More than 50% of healthcare facilities in the other states had toilets, but the survey indicates that these may not be maintained well or have water.
A look at the findings in each state (the survey parameters differed in many states):
Madhya Pradesh: Few toilets, medical waste dumped
The survey was conducted in Bhopal, Sehore, Panna and Tikamgarh districts across 76 public health facilities on WASH infrastructure.
Up to 27% of sampled CHCs in the four districts did not have a toilet in the labour room; 50% did not have a toilet in the post-natal ward, while 38% PHCs did not have a toilet in the labour room and 60% did not have toilets in the post-natal ward.
Waste, including medical waste, was thrown near 40% of 48 borewells across the four districts. Stagnant water present around them raised the possibility of contaminated water.
Up to 75% of PHCs and CHCs in Bhopal, 87% in Sehore and 95% in Pannahad dumped waste in or near the compound walls. Less than four of 10 PHCs and CHCs in Bhopal and Sehore had soap in the labour room.
Only 43% of 76 medical officers (one per facility) interviewed reported having training on preventing infections.
Odisha: Dodgy toilets, waste water released in the open
The Odisha survey was limited to 34 public health facilities and one district hospital in Ganjam district. More than 60% of toilet facilities were found to be unclean and non-functional.
Nearly half the facilities had never chlorinated water tanks, making them vulnerable to waterborne diseases; 73% of health facilities did follow a safe-filtering technique (reverse osmosis/ chemical process/ biological process) for their drinking water. Waste water was drained into open areas in almost 85% of health centres.
Up to 96% of the facilities had wash basins inside the labour room.
Karnataka: Enough cleaning equipment but dirty toilets because staff posts vacant
Up to 30 healthcare facilities were surveyed in the district of Raichur. With a maternal mortality rate of 255 per 100,000 live births, it was only slightly better than Nepal with 258; with 71 infant deaths per 1,000 per live births, the infant mortality rate was the same as Nigeria (69), according to the zilla parishad, a local government institution, website.
Seven in 10 facilities had unhygienic toilets because there was no one to clean them: 76%of cleaning staff posts were vacant.

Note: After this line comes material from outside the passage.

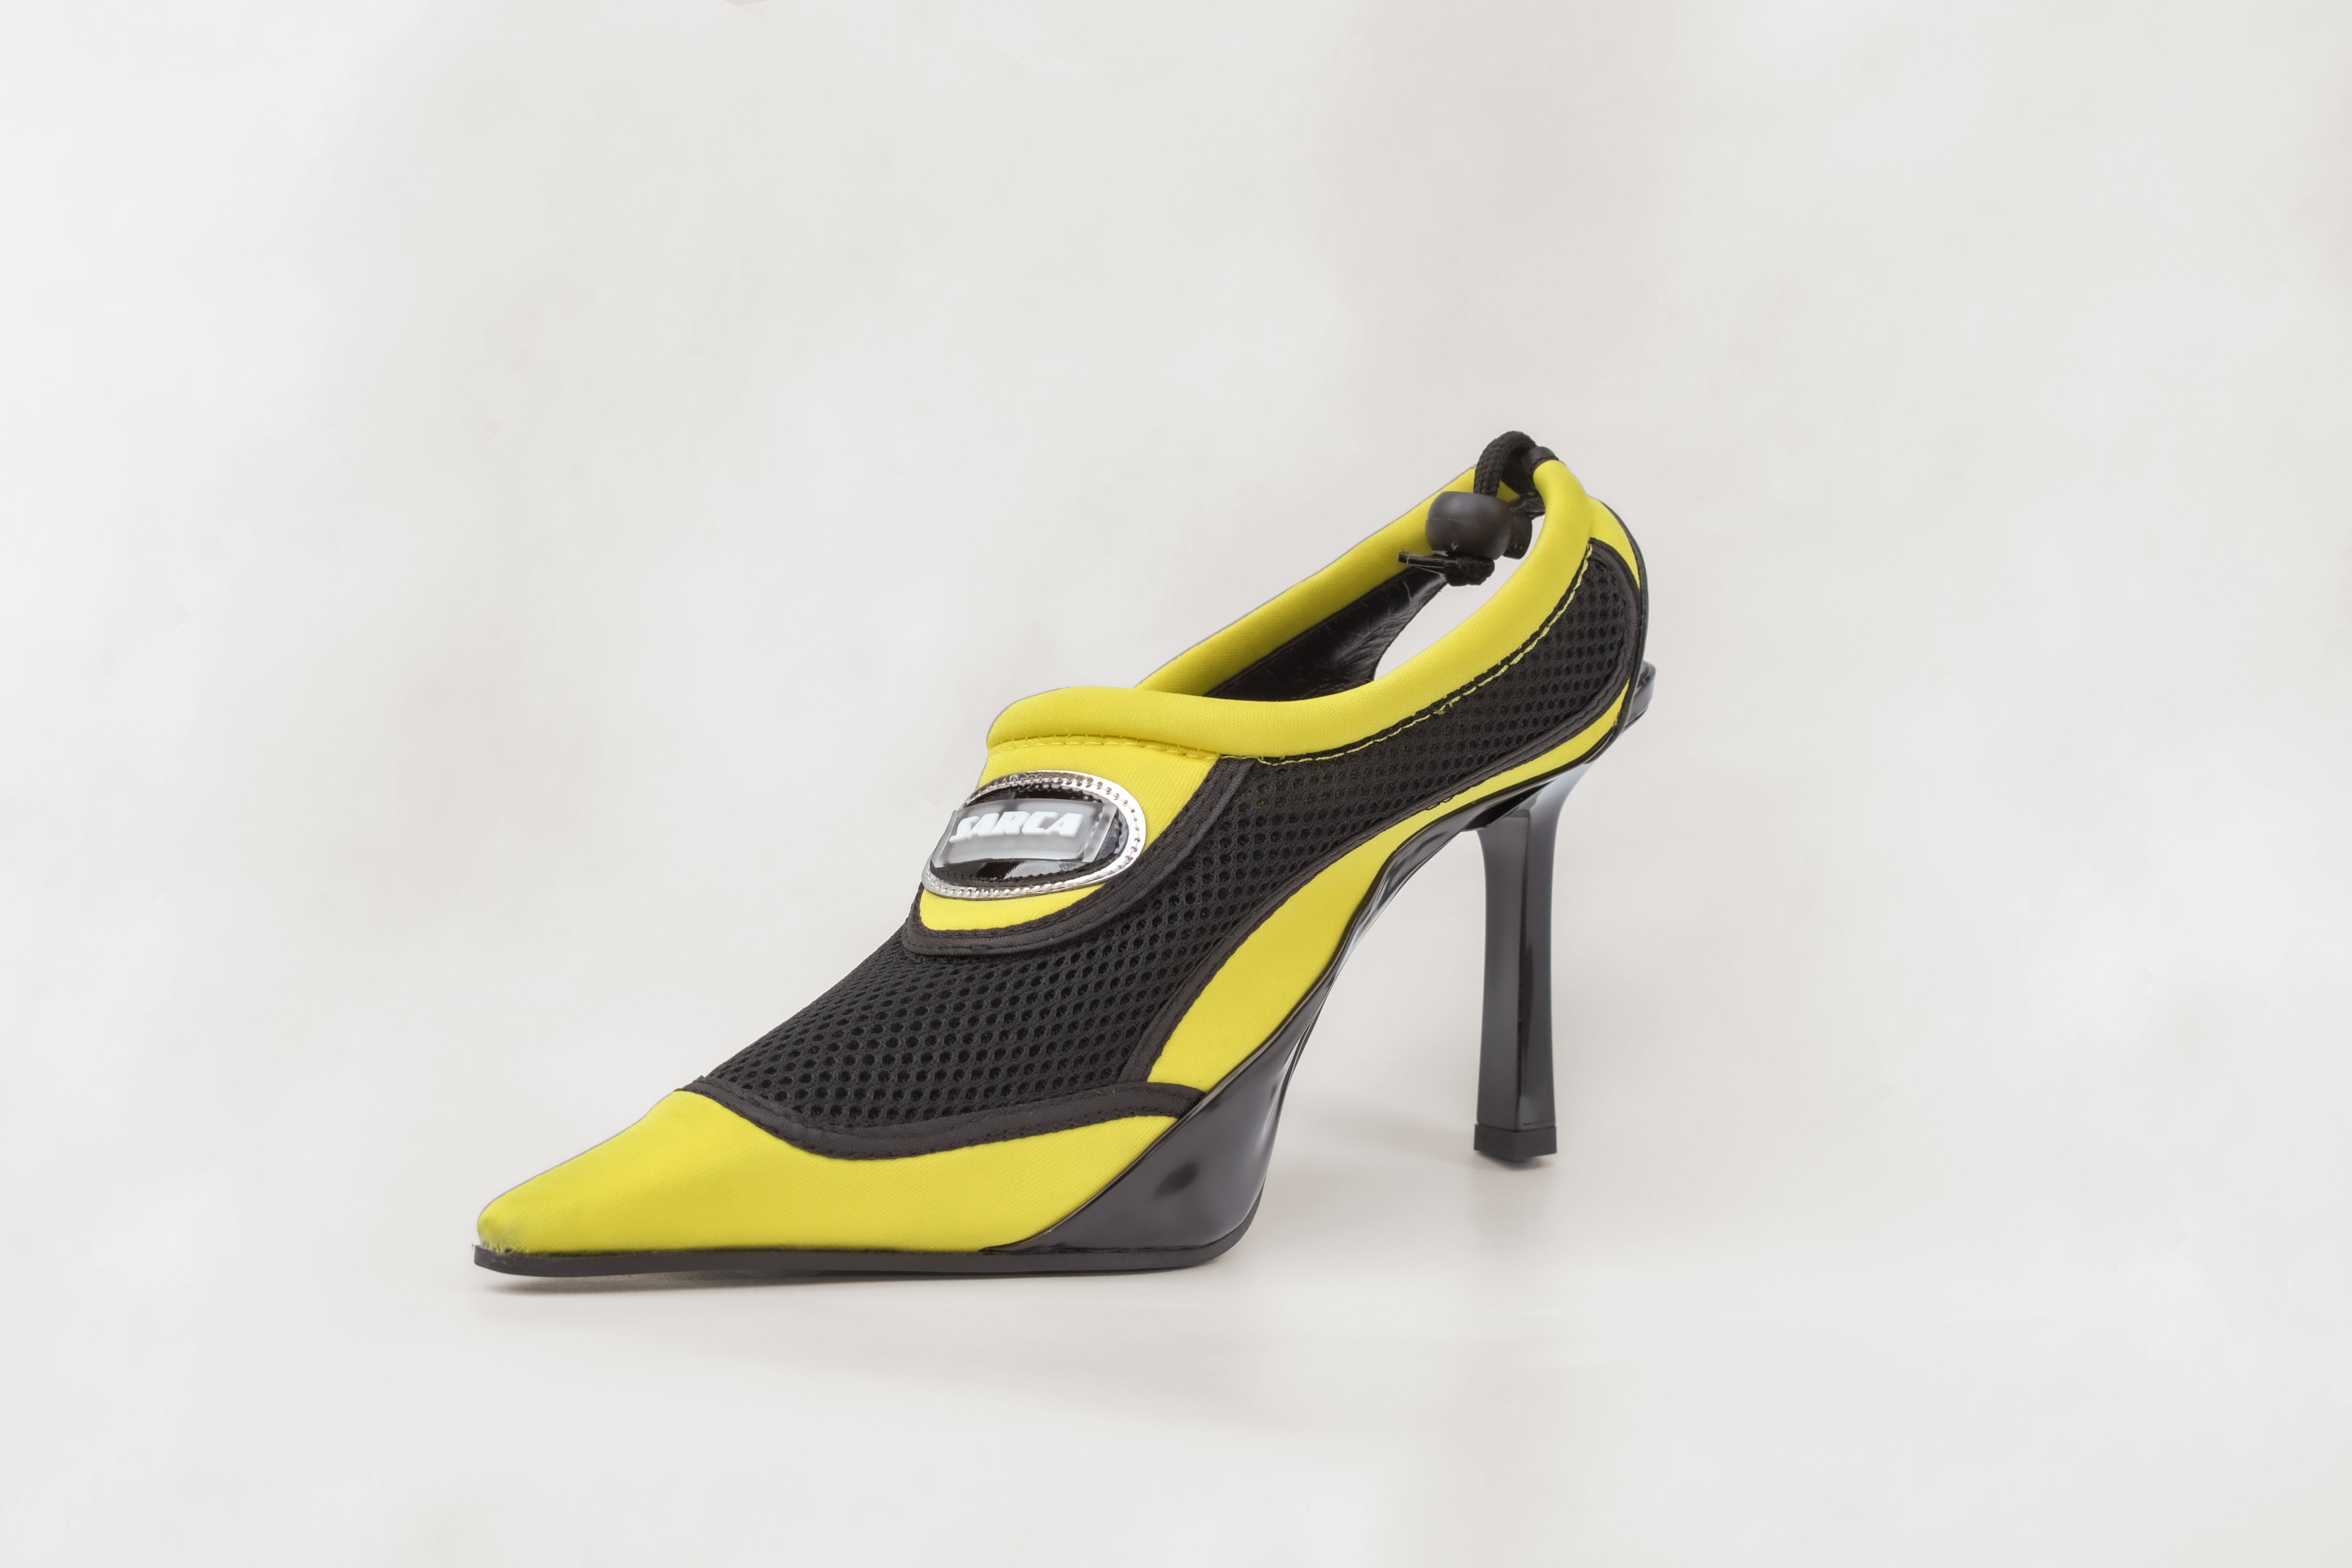 Women's Pointed Sharp Stiletto High Heels- Red, Black, Yellow, Beige –  Kalsord

Of 30 facilities, 12 did not have a urinal and open defecation was evident in 63%.
Of 17 facilities with borewells, the area around the wells was clean in 11 facilities; in the other six, the area was filled with garbage.
As many as 27 facilities (90%) reported adequate cleaning agents, such as detergent and disinfectant; 23 facilities (77%) reported cleaning equipment, such as brooms, mops, and buckets .

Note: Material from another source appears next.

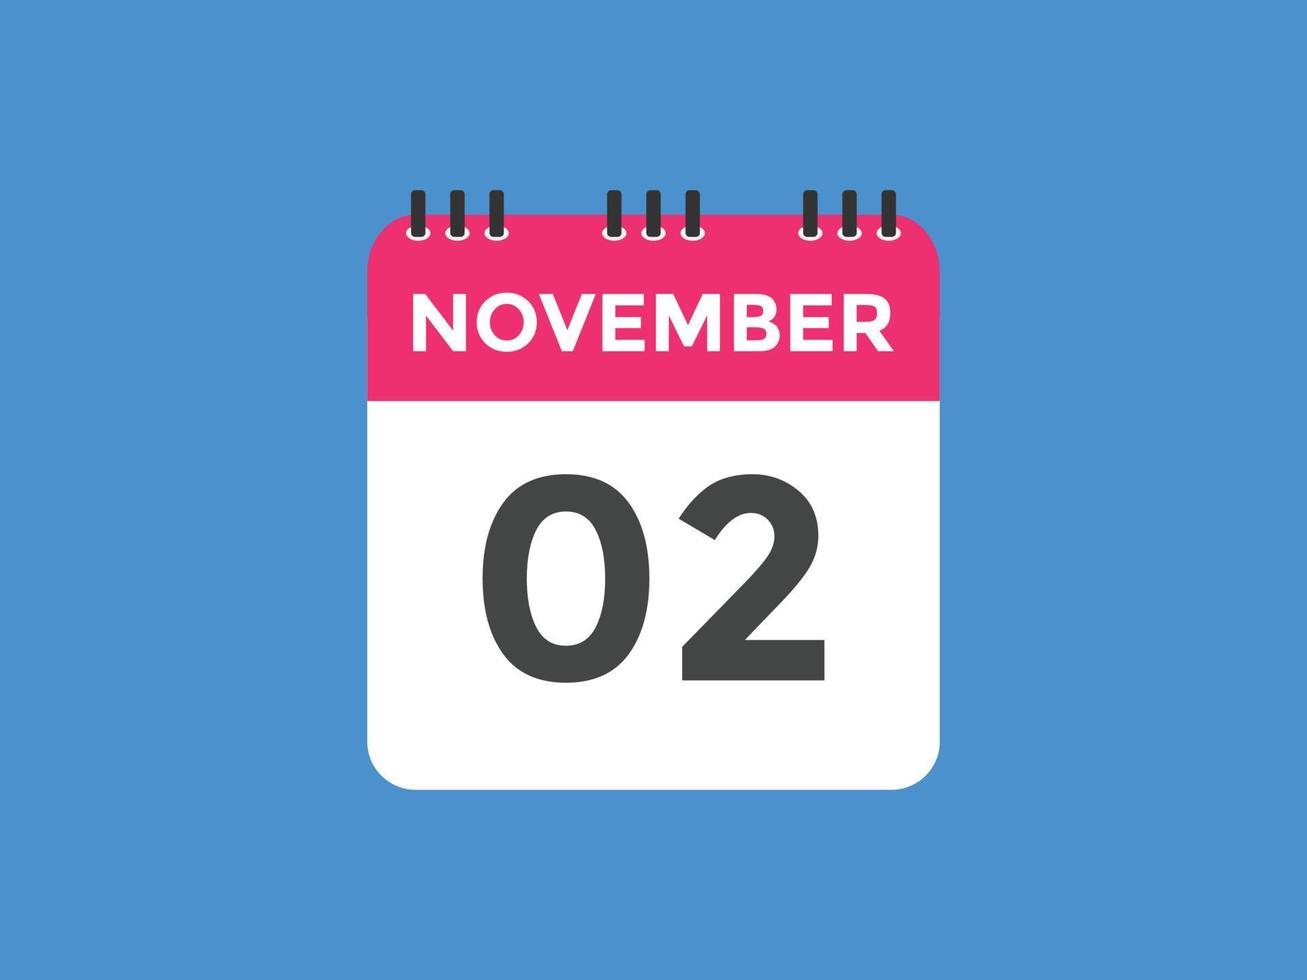 Recordatorio del calendario del 2 de noviembre. Plantilla de icono de calendario diario del 2 de noviembre. plantilla de diseño de icono de calendario 2 de noviembre. ilustración vectorial vector

Telangana and Andhra Pradesh: Water and wash-basin shortages and poor water quality
Both the states were clubbed together, with one districts from each state surveyed: 81 healthcare facilities from Vizianagaram in AP and 59 facilities from Nizamabad in Telangana.

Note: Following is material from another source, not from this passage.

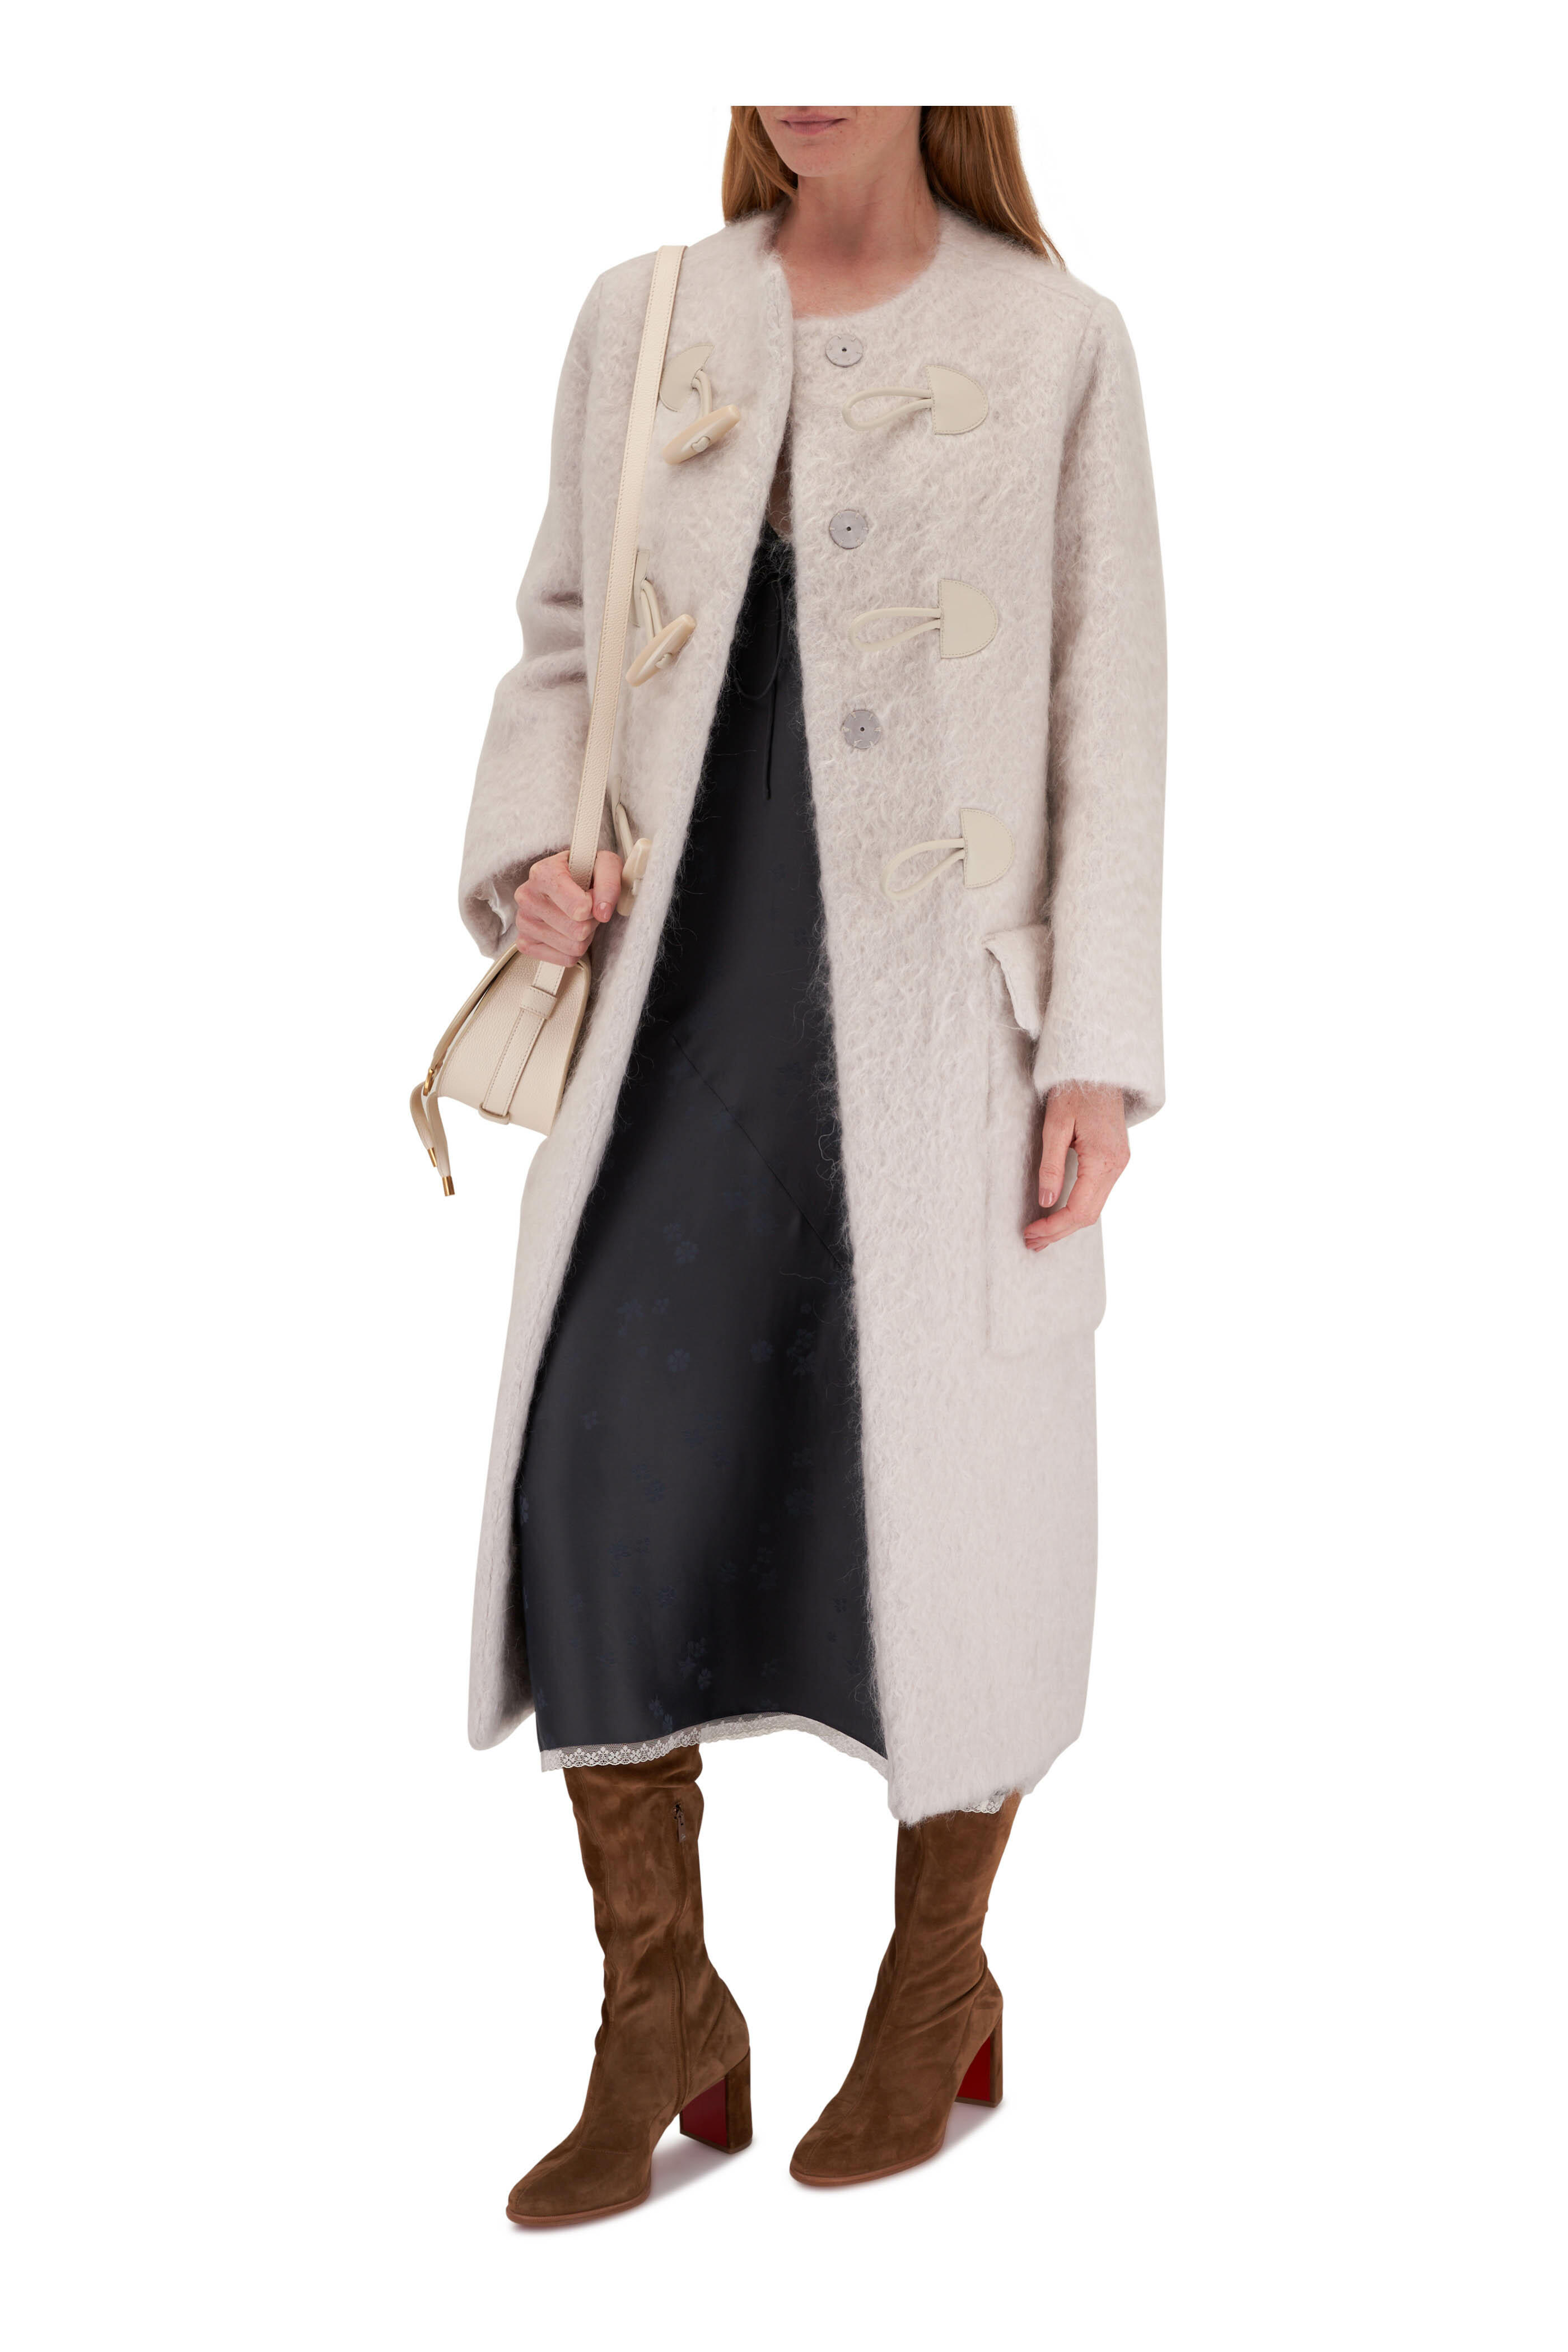 Dorothee Schumacher - Cozy Attraction Fluffy Light Beige Duffel Coat

Nearly 22% of toilets were either not working or were broken, 25% were inaccessible, 24% were dirty, 24% did not have enough water and 24% had no wash basins within 5 m of the toilet.
In Vizianagaram, 36% of sampled PHCs reported inadequate water, as did 47% PHCs in Nizamabad. Despite reports of poor water quality, less than half the PHCs and CHCs in both districts regularly chlorinated their water.
Up to 19% of facilities did not have wash basins near toilets and patient-care areas and 25% did not have soap.
Uttar Pradesh: Dirty first- and second-tier healthcare, poor hand hygiene in hospitals
Conducted across 63 healthcare facilities in Varanasi, Agra, Lucknow and Banda district, the UP survey was conducted on behalf of the Ministry of Health and Family Welfare. Health facilities were scored on a scale of one to 10, with 10 being the best quality.
PHCs and CHCs scored 0.83 and 3.75, respectively; most were unclean. District hospitals scored 3.75. The average hand-hygiene score in district hospitals was 4.35, and was 3.01 and 1.42 for CHCs and PHCs respectively.